§ **PROBLEM STATEMENT**
Transcribe every line of the material below without change, apart from dropping the pictures.

§ **SUPPLIED MATERIAL**

>>

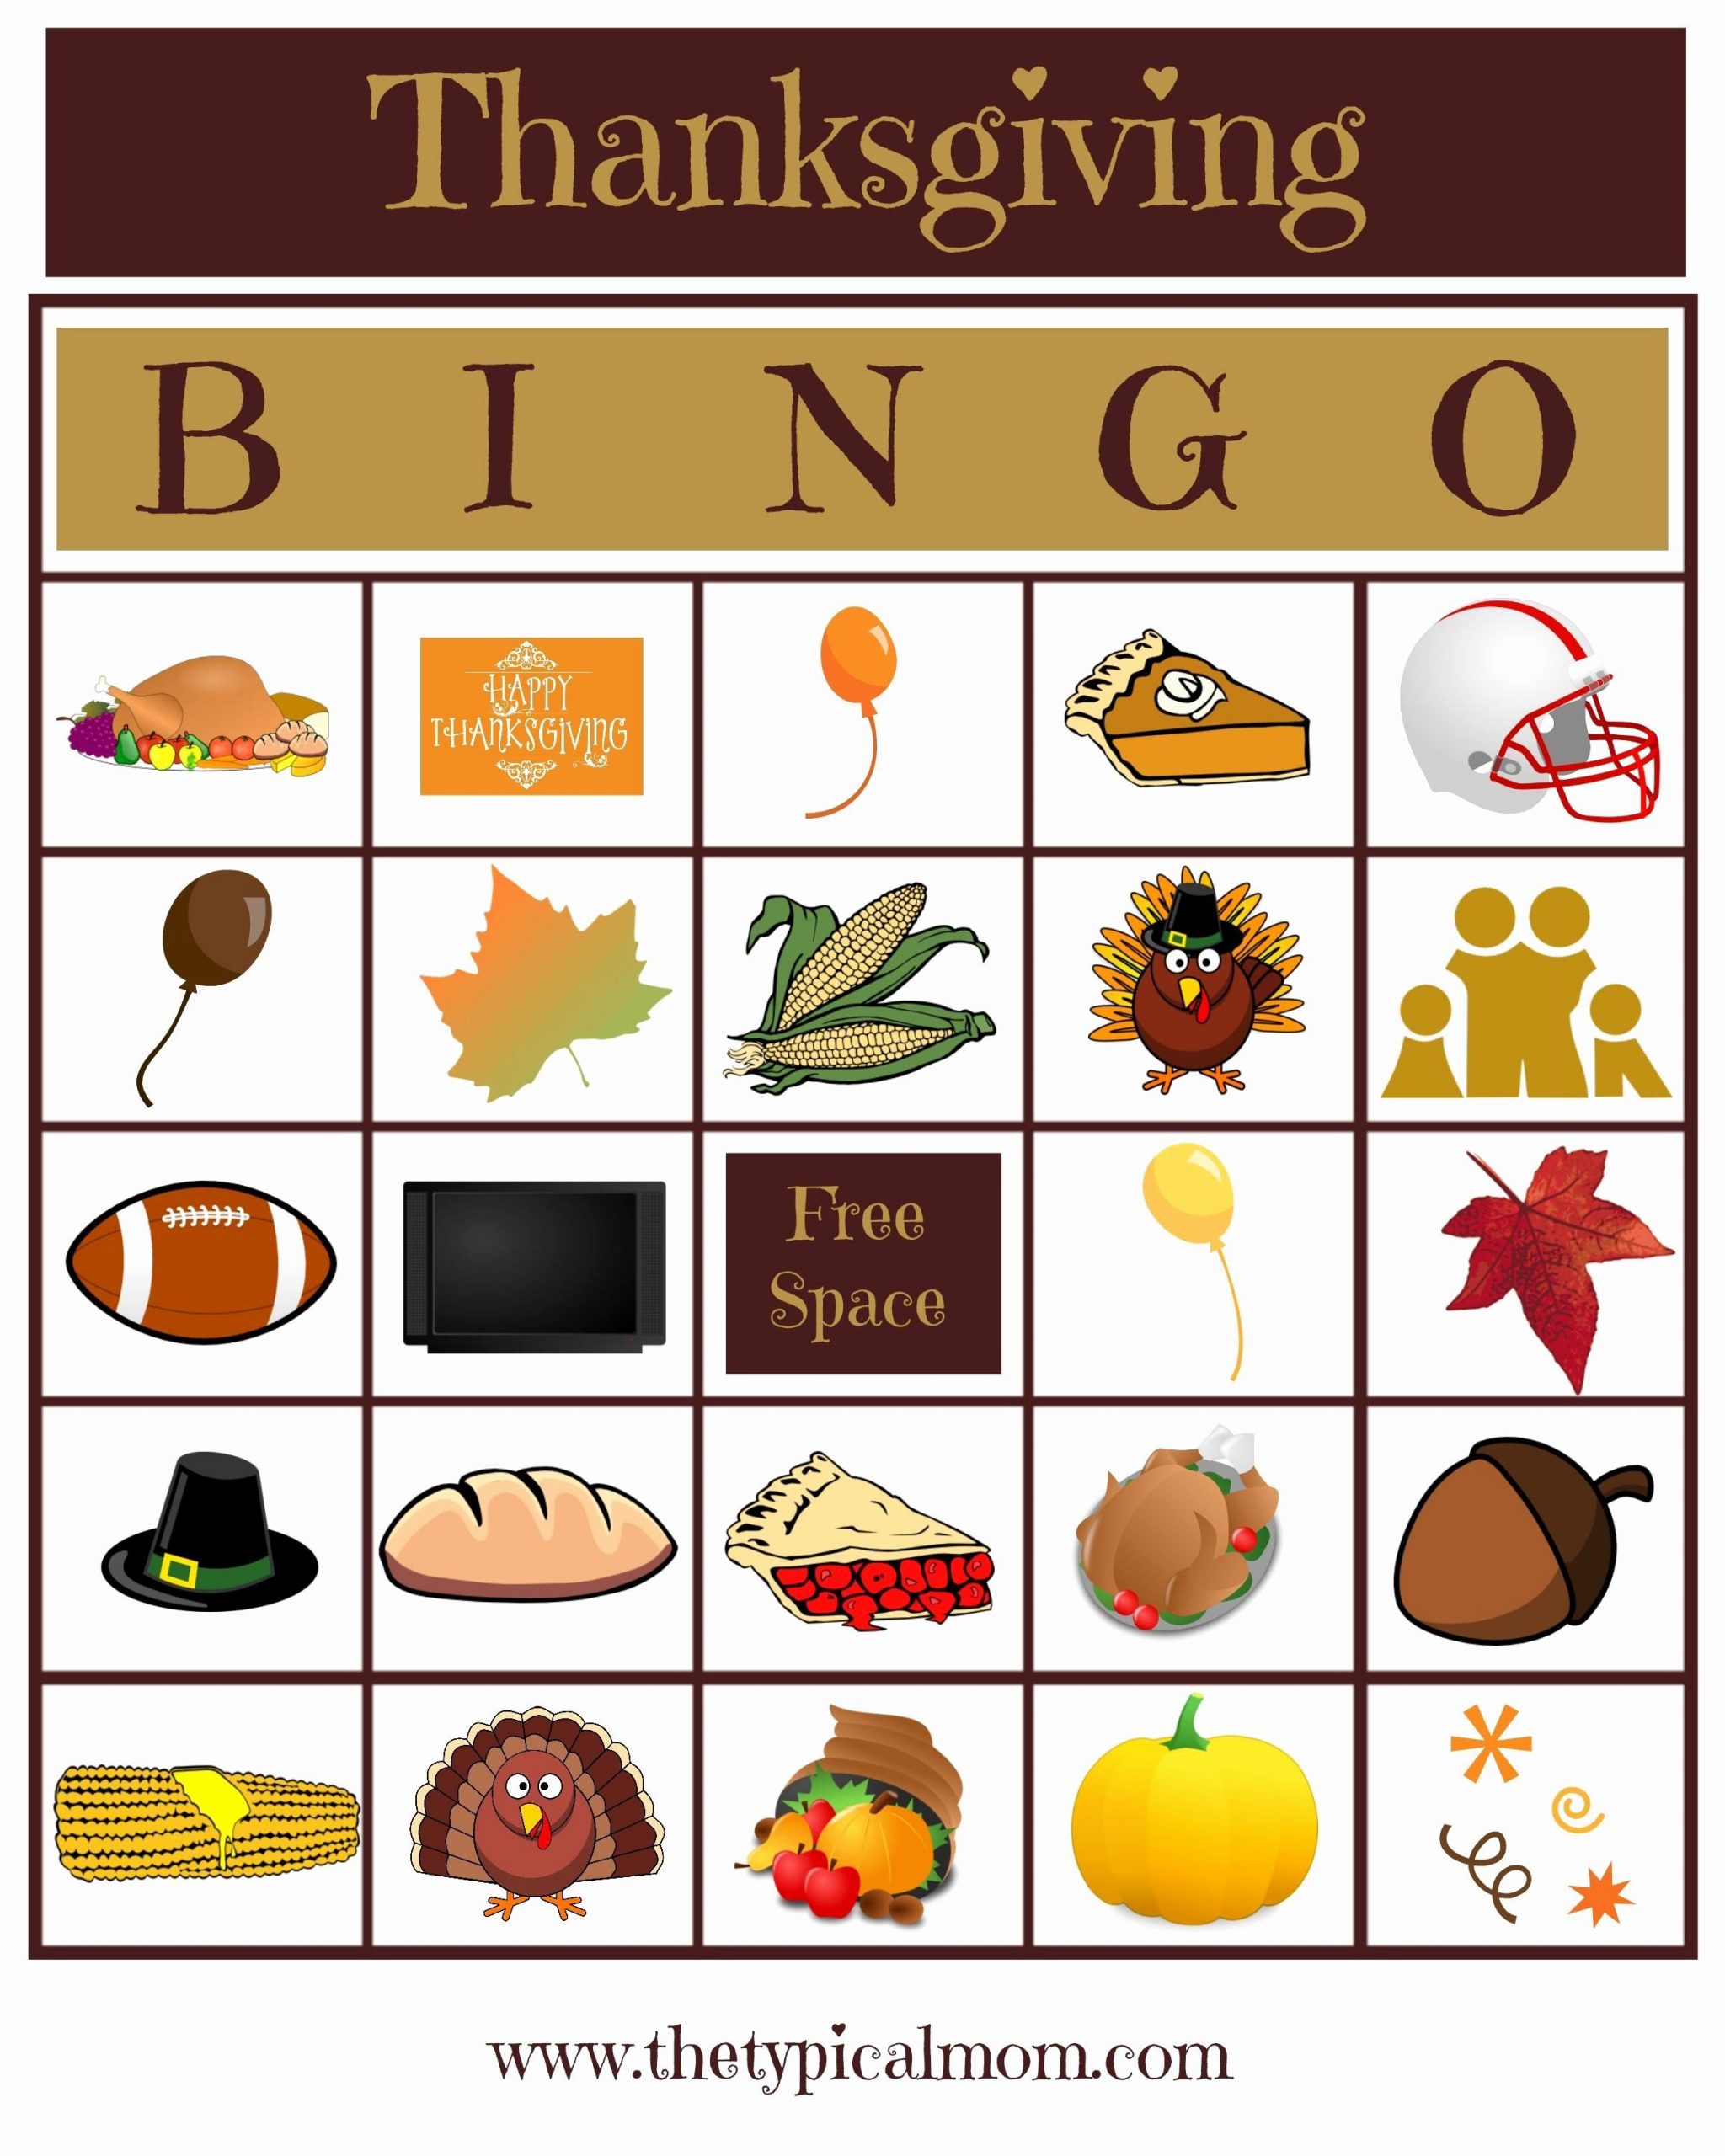 Print Out Thanksgiving Cards In 2020 Thanksgiving Bingo 
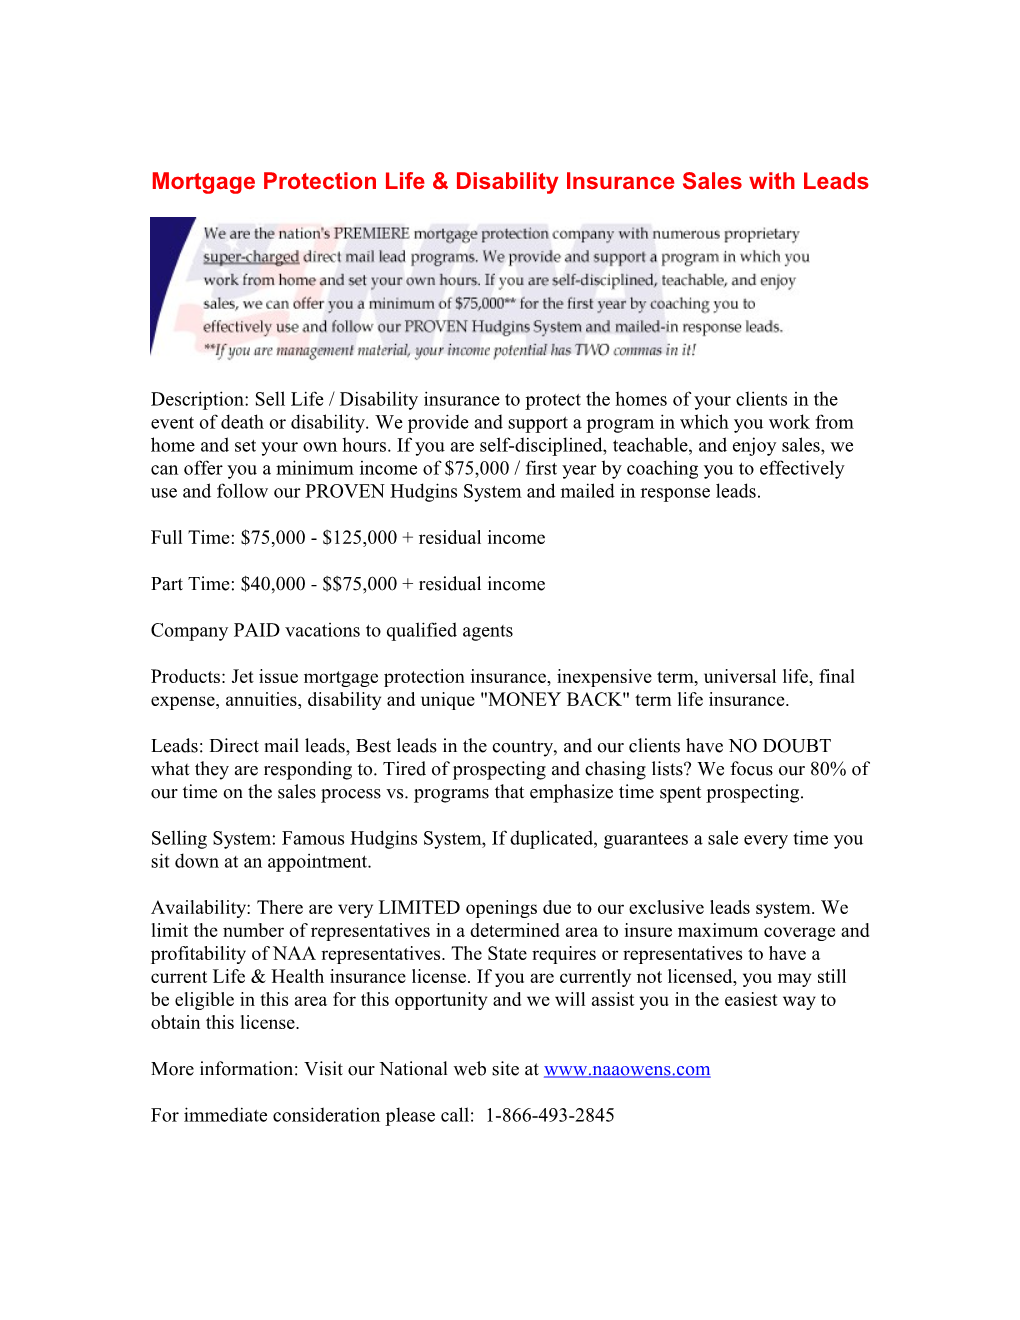 Mortgage Protection Life & Disability Insurance Sales with Leads
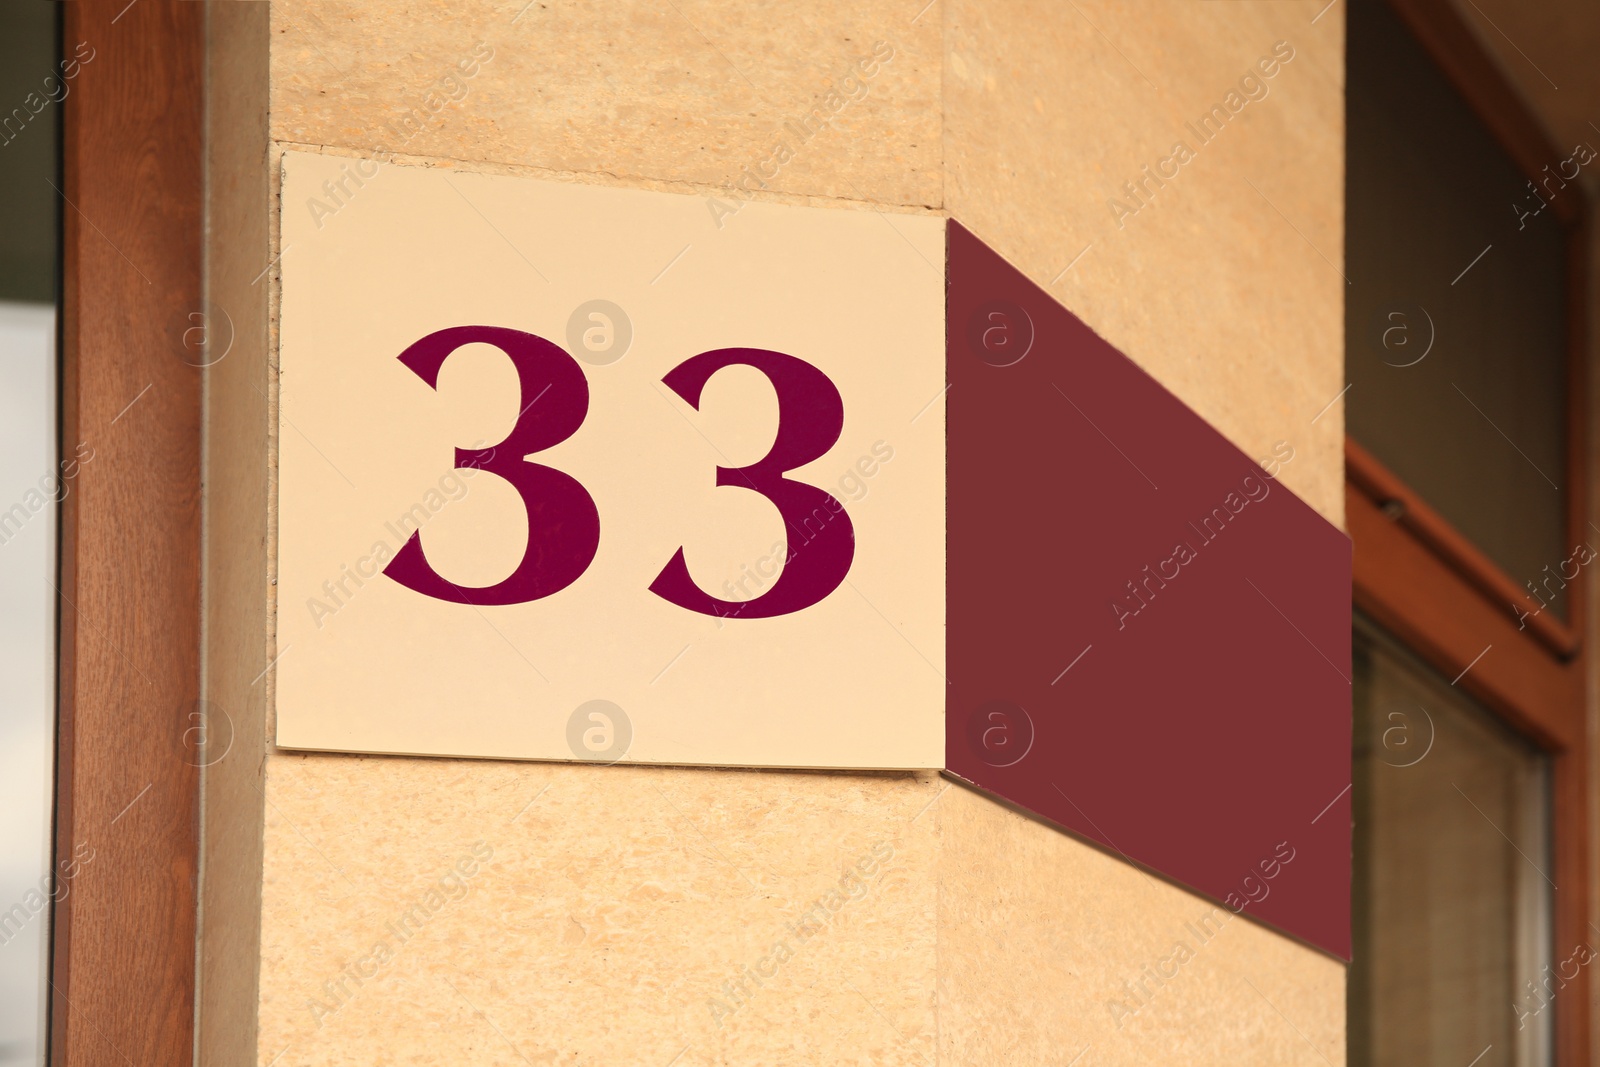 Photo of House number 33 on beige wall outdoors, low angle view
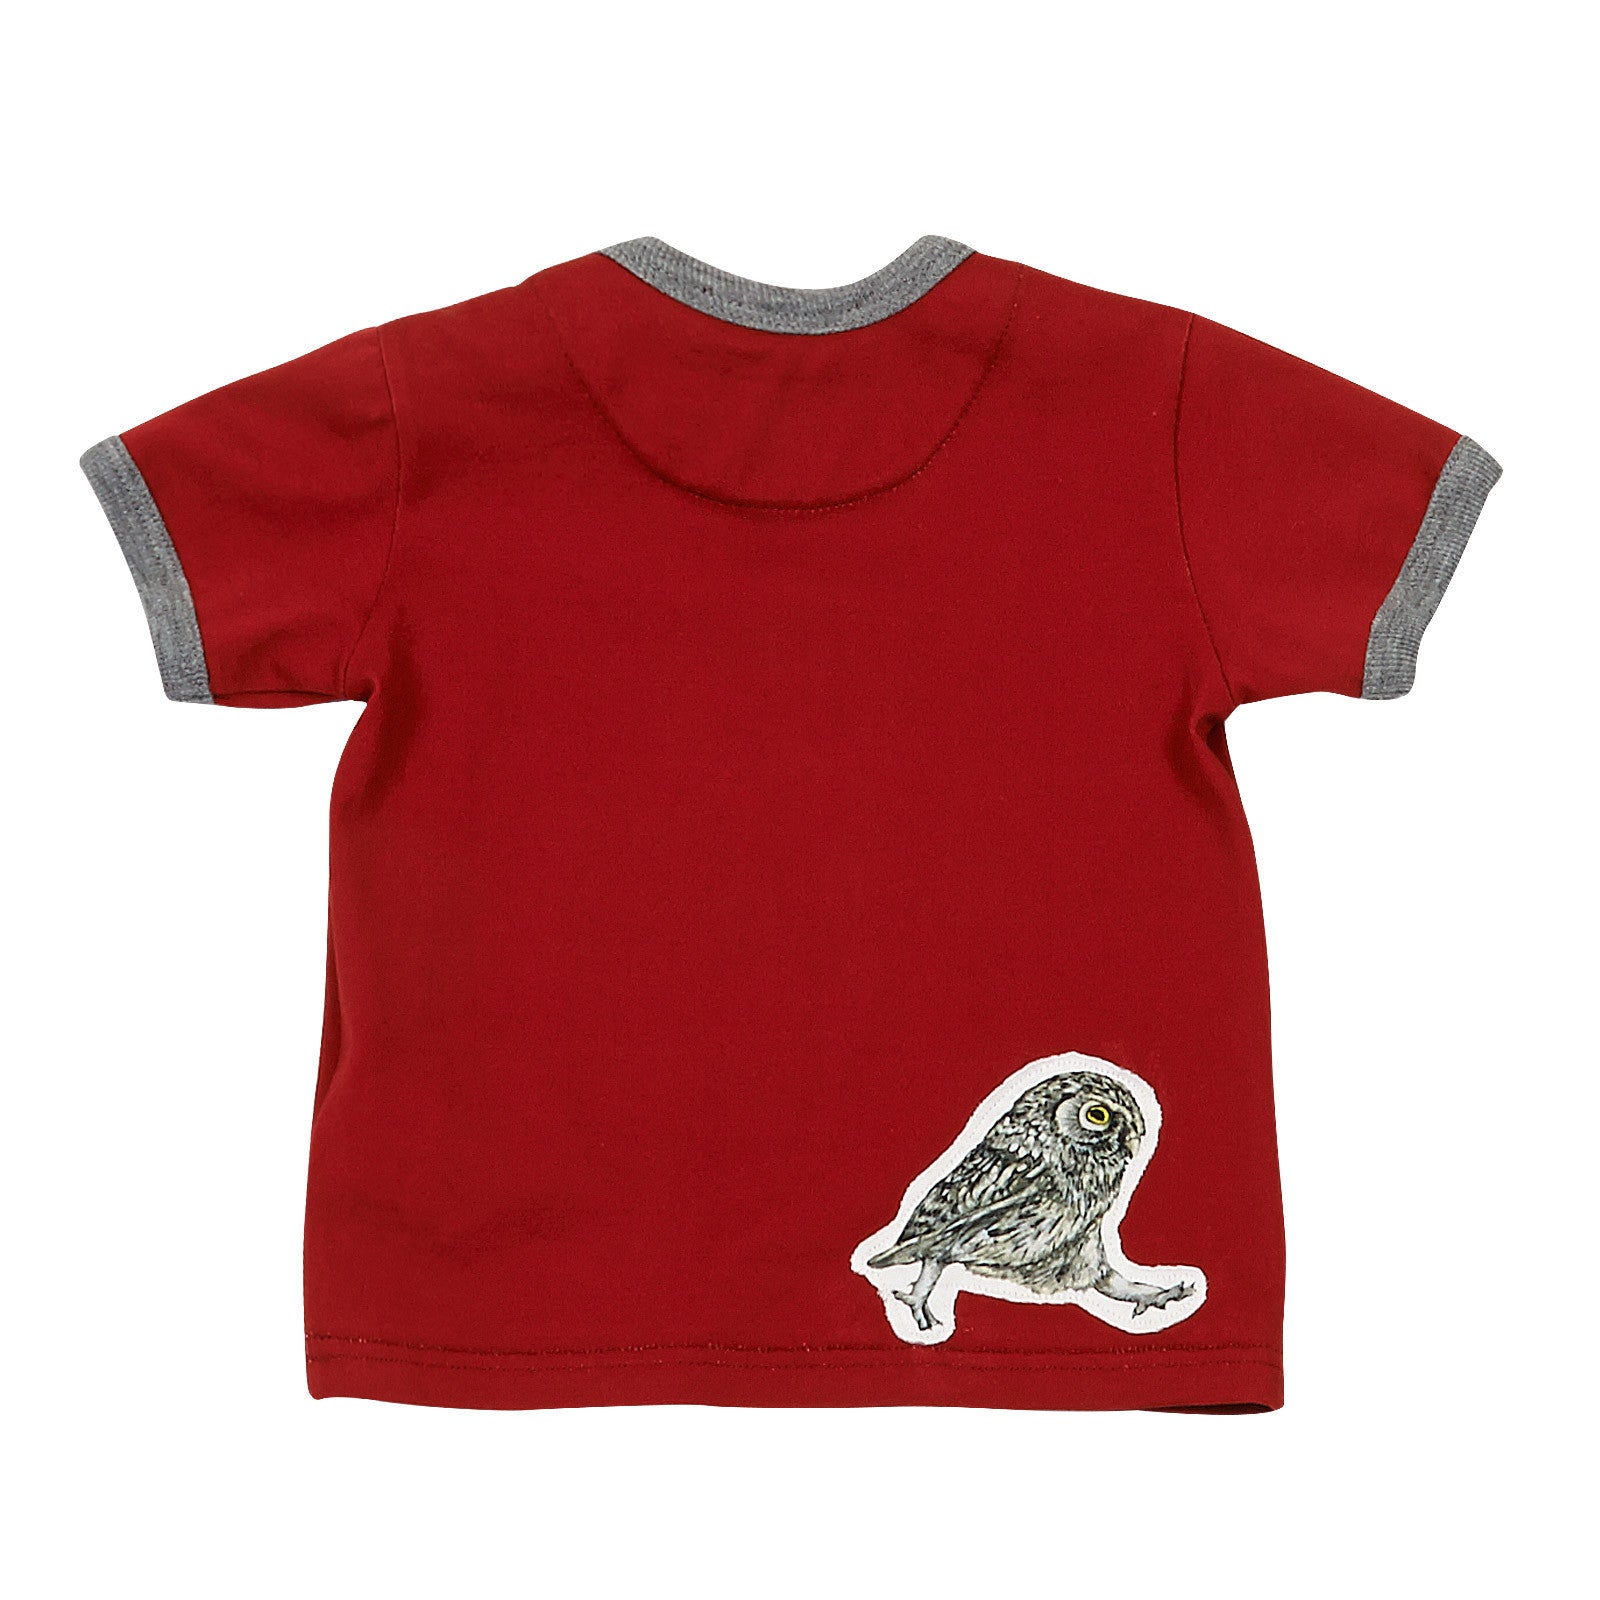 Baby Boys Red Owls Printed Cotton T-Shirt With Grey Cuffs - CÉMAROSE | Children's Fashion Store - 2

<<

§ **RESULT BELOW**
 Print Out Thanksgiving Cards In 2020 Thanksgiving Bingo 
 Mortgage Protection Life & Disability Insurance Sales with Leads
 Photo of House number 33 on beige wall outdoors, low angle view
 Baby Boys Red Owls Printed Cotton T-Shirt With Grey Cuffs - CÉMAROSE | Children's Fashion Store - 2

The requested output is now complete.